If you start tossing your coin repeatedly and stop when you get one of the two hits, how often will you end up with one over the other?

I’ve tried to answer this by counting how many tosses on average each of the outcomes requires.

@Mickey-II, I will email the code to you.

If the idea always works, then we would have the following

HTH < HHT < THH < TTH < HTT <

HHT.Is there a contradiction? Or am I missing something?

As far as I can make out, HTH < HHT, THH < TTH, and HTT < HHT are all true.

Did you check the link from Futility Closet I've posted?
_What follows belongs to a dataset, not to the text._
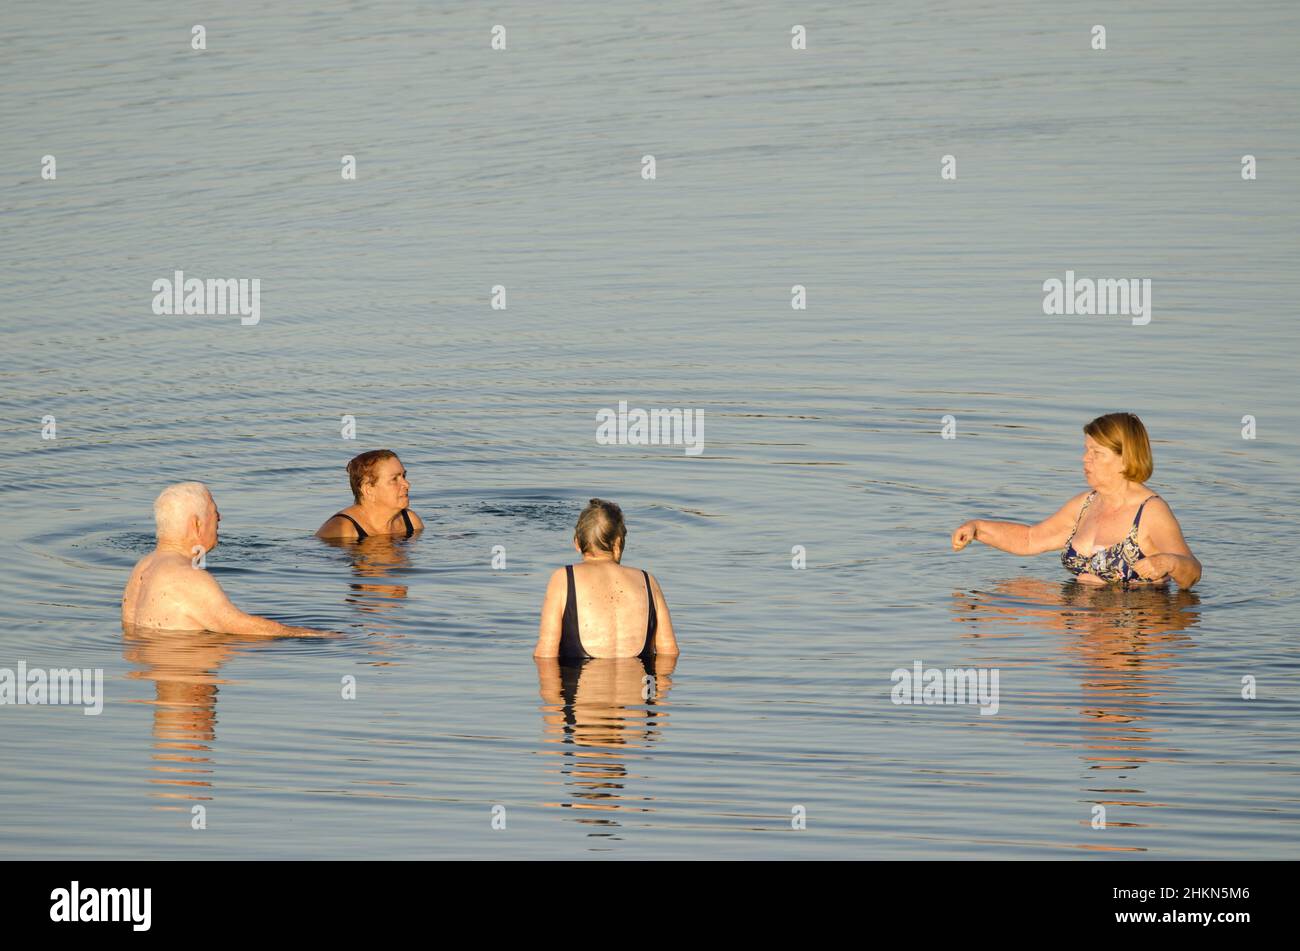 Playa de Arinaga, 30. März 2021: Ältere Menschen baden im Meer. Aguimes. Gran Canaria. Kanarische Inseln. Spanien. Stockfoto

The page has a link at the bottom called Non-transitive dice.

I haven’t checked this for coin-tosses, though. Could something like that work here too, d’you think?

As for the HHT vs HTH problem. Let P(n) and Q(n) be the probabilities of obtaining a HHT and a HTH respectively in an infinite sequence, for the first time, at the nth place (n, n+1 n+2 places, so to speak). Note that P(n) = 1/8 – P(1)∩P(n) – P(2)∩P(n) – … – P(n-3)∩P(n). On the other hand, Q(n) = 1/8 – Q(1)∩Q(n) – Q(2)∩Q(n) – … – Q(n-3)∩Q(n) – Q(n-2)∩Q(n). The extra term

Q(n-2)∩Q(n)makes the probability Q(n) smaller.Now, the concept on non-transitive inequalities is very interesting! I’ll read into that.

That’s what I just said! For anything but (n-2), the intersection is null. For (n-2), one of them has an intersection; the other doesn’t. Nicely done!

That said wouldn’t the occurance of HTH in a million tosses be more common that that of HHT. (because of sequences like HTHTH where HTH occurs twice in a length-5 sequence). Please send me your matlab codes too.

That’s what I thought too. Doesn’t seem that way from the search program, though. I just sent it to you. Would you check?

Turns out the explanations for HTH < HHT for the first occurrence are not complete. For instance, we cannot compare the scenarios, TTH and THH in the same fashion. Check out this video for a simple and complete explanation.